Assignment:
Leaving the pictures aside, return all of the data below exactly.

Given material:
::::::::
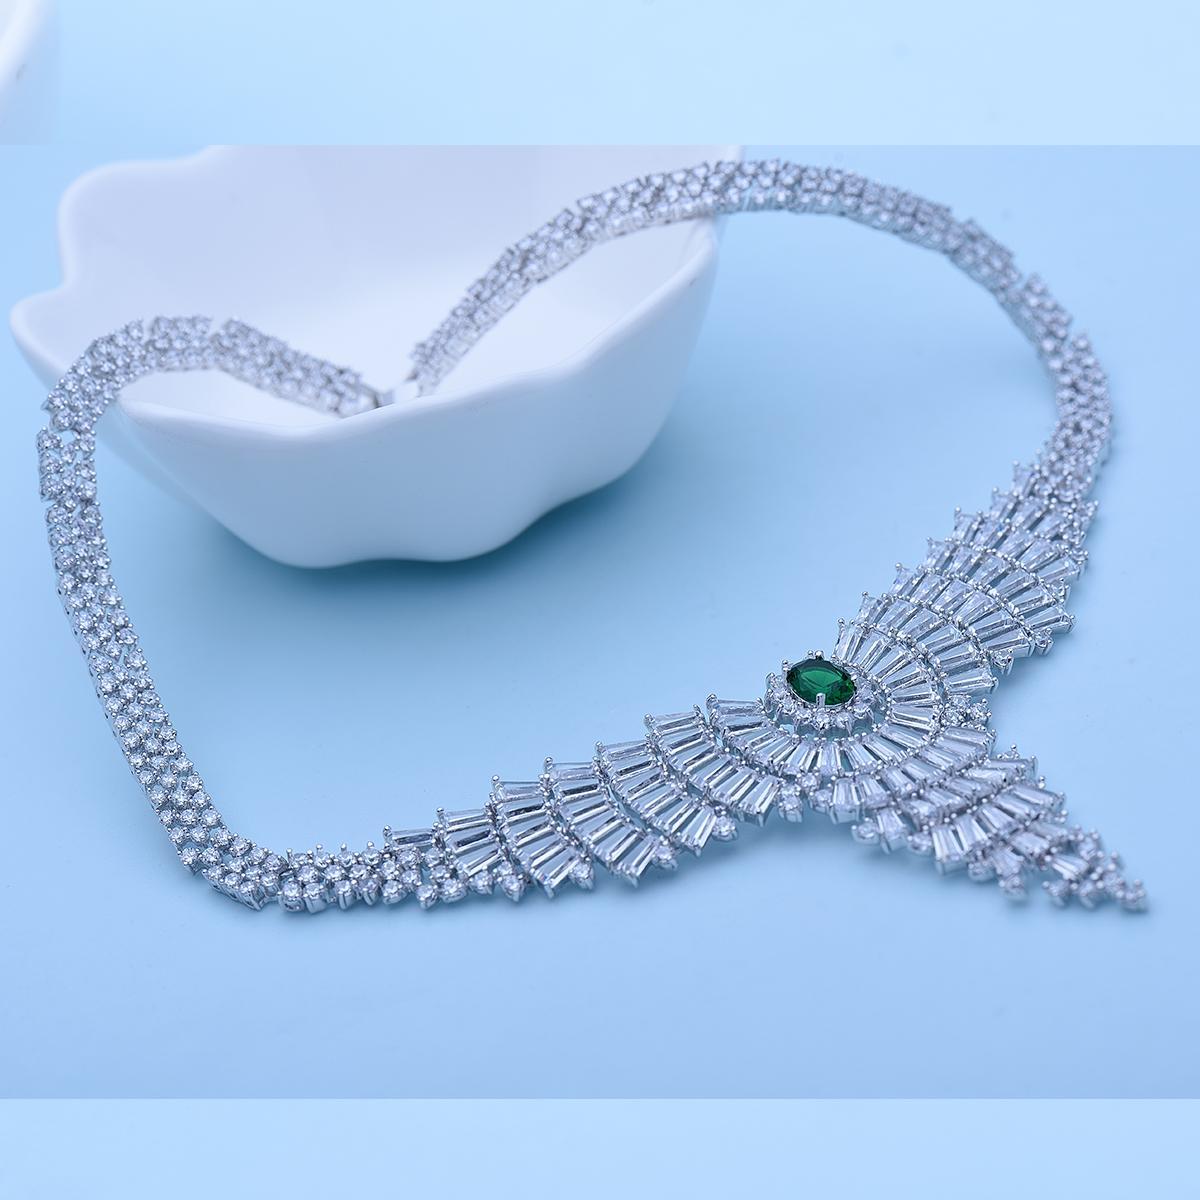 Fashion-I New Luxurious Staterment Choke for Women Shining Zircon Big Pendant White Gold-Color Bridal Wedding Jewelry Jewelry Set Party Gift
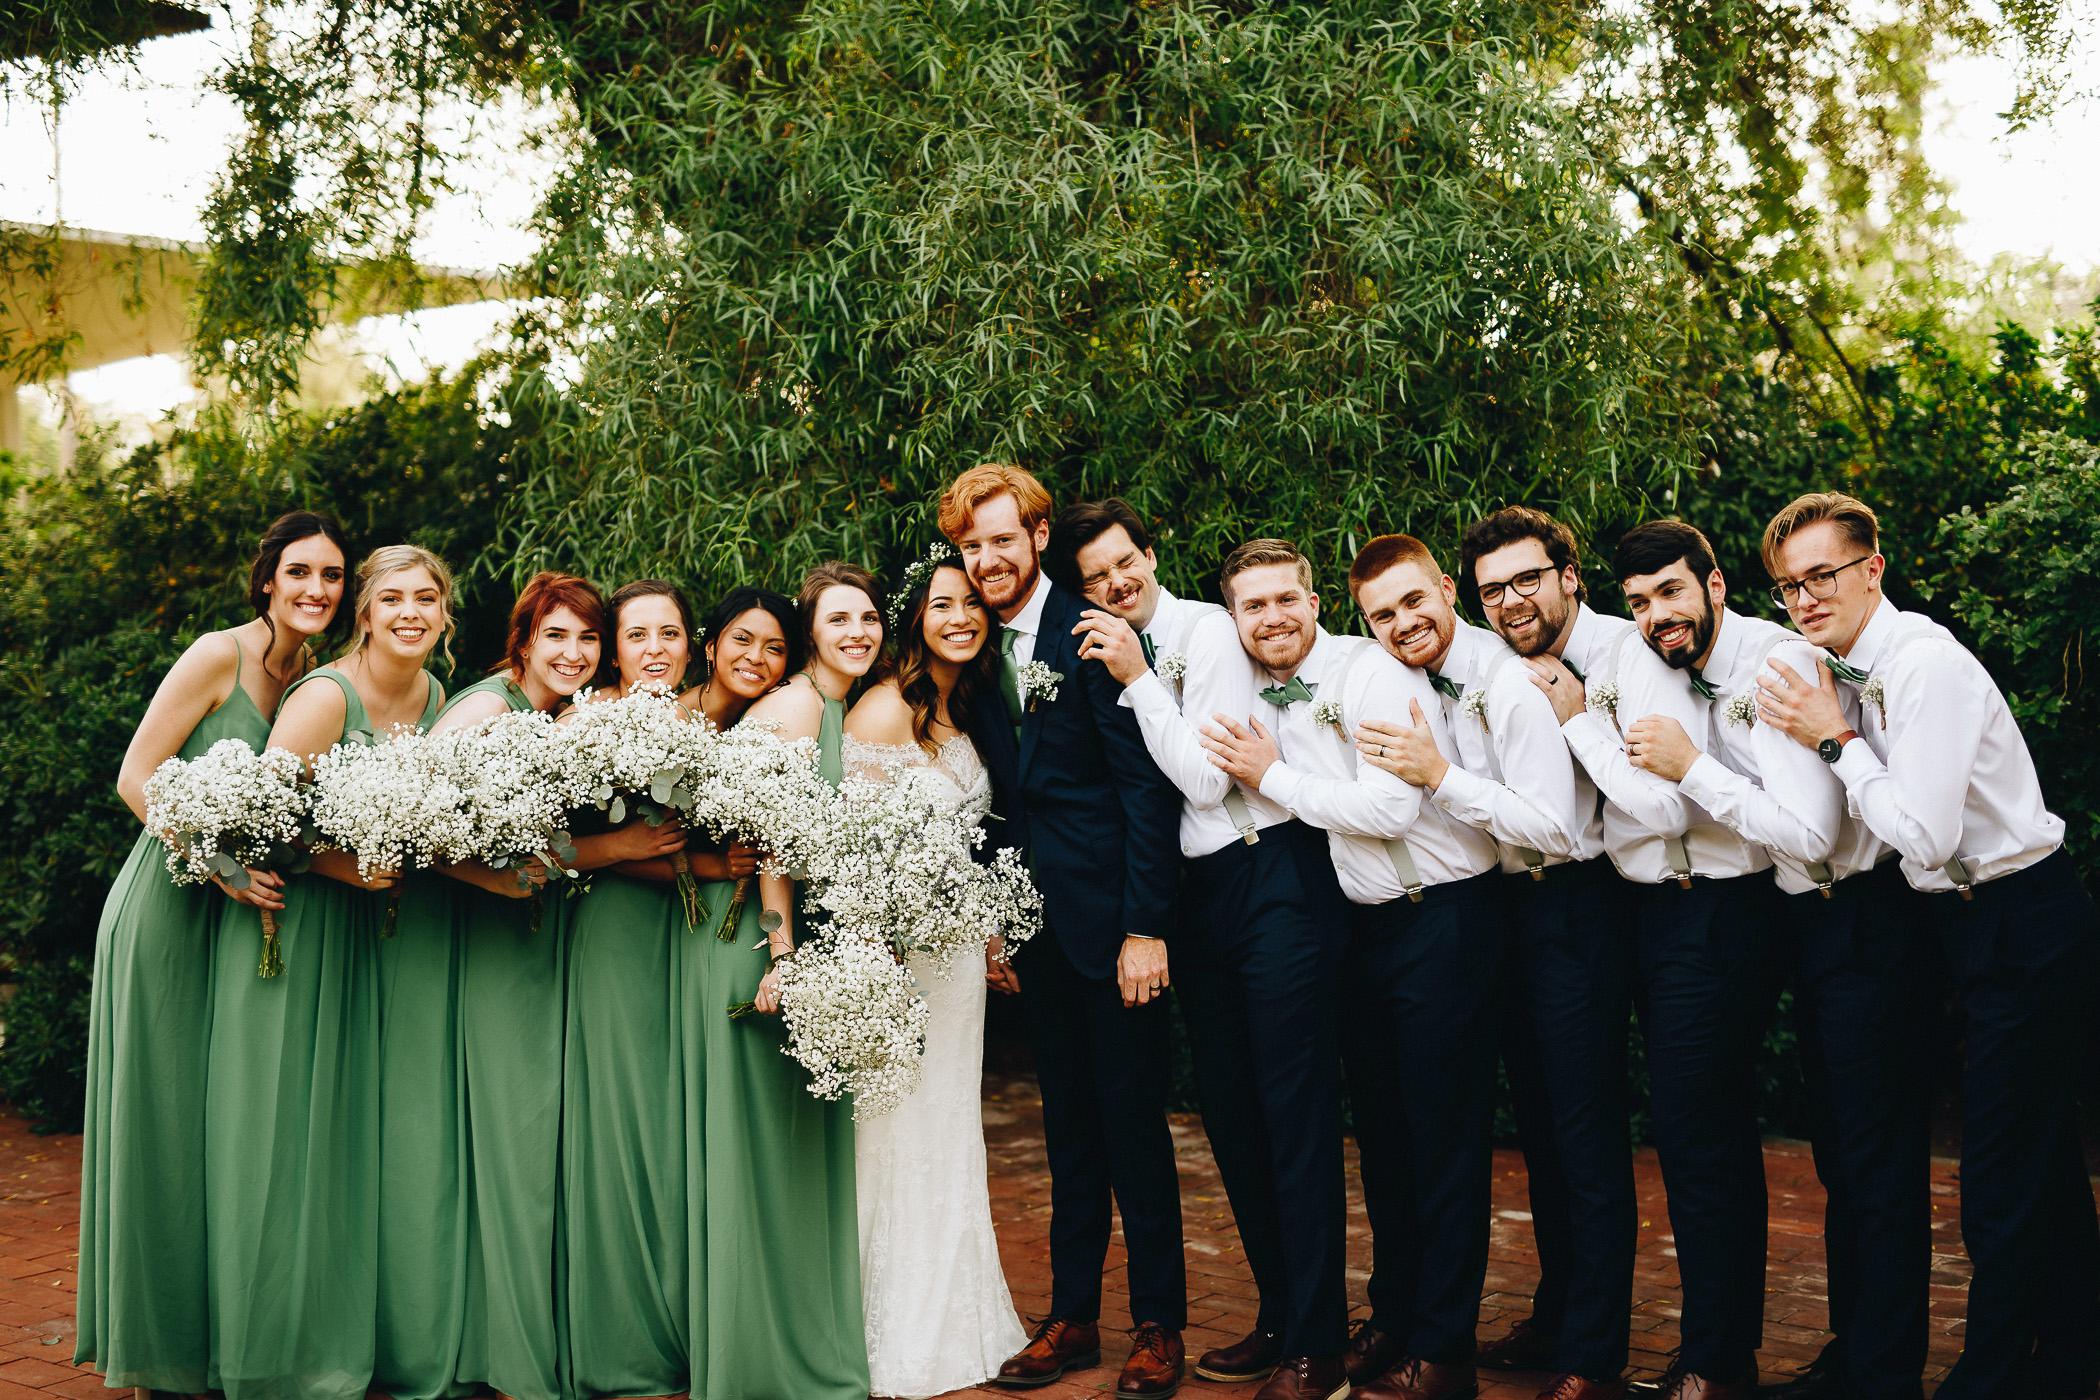 181104-Luxium-Weddings-Arizona-@matt__Le-Brandon-Kariana-Phoenix-Valley-Garden-Center-1091.jpg
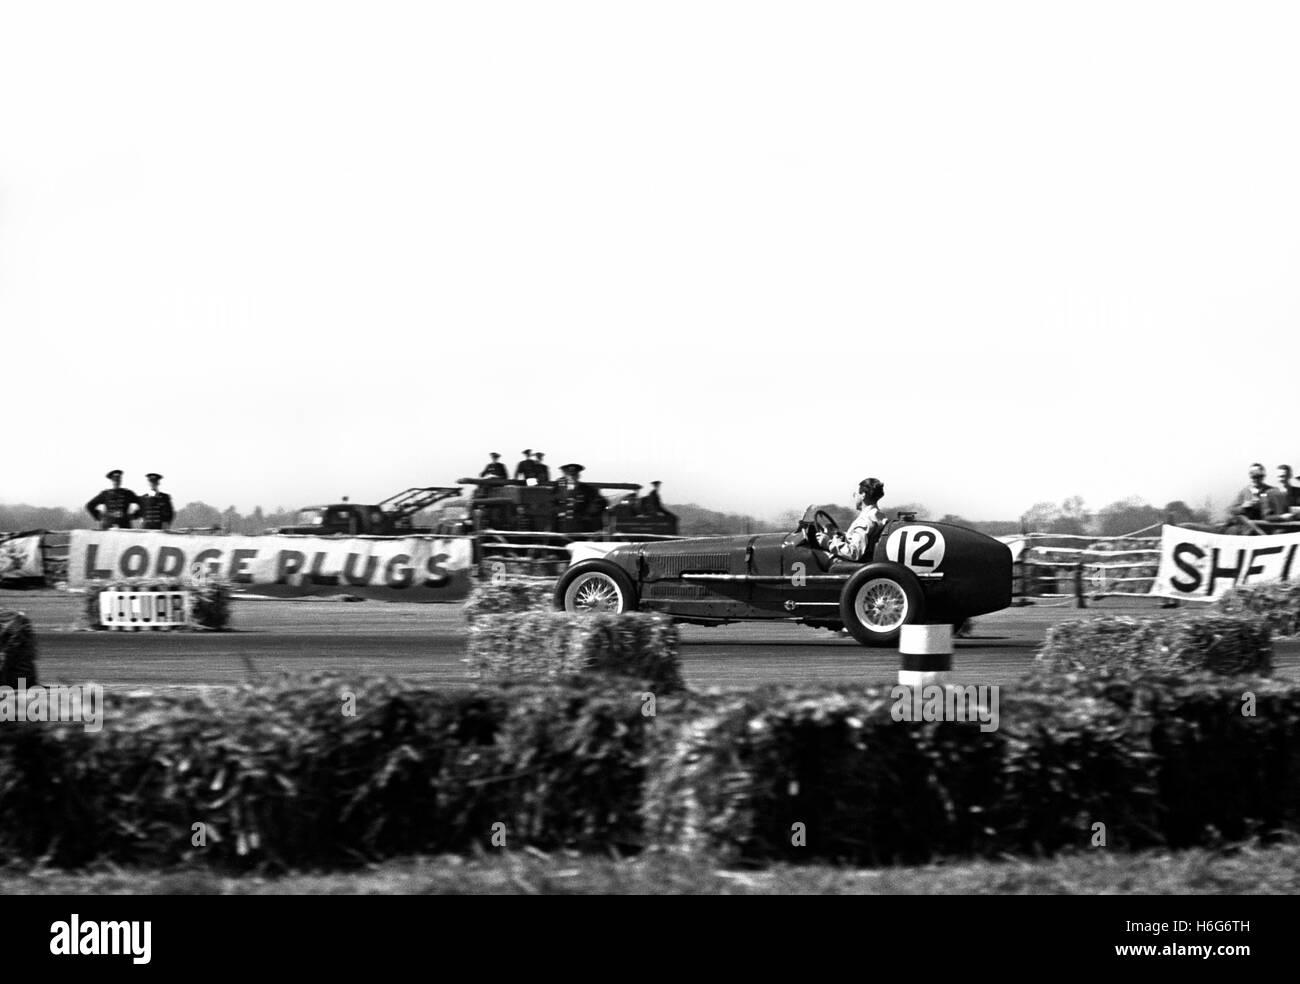 Gerard driving an ERA, 6th place at the British GP at Silverstone 1950 - Stock Image
::::::::
Solution to this task:
 Fashion-I New Luxurious Staterment Choke for Women Shining Zircon Big Pendant White Gold-Color Bridal Wedding Jewelry Jewelry Set Party Gift
 181104-Luxium-Weddings-Arizona-@matt__Le-Brandon-Kariana-Phoenix-Valley-Garden-Center-1091.jpg
 Gerard driving an ERA, 6th place at the British GP at Silverstone 1950 - Stock Image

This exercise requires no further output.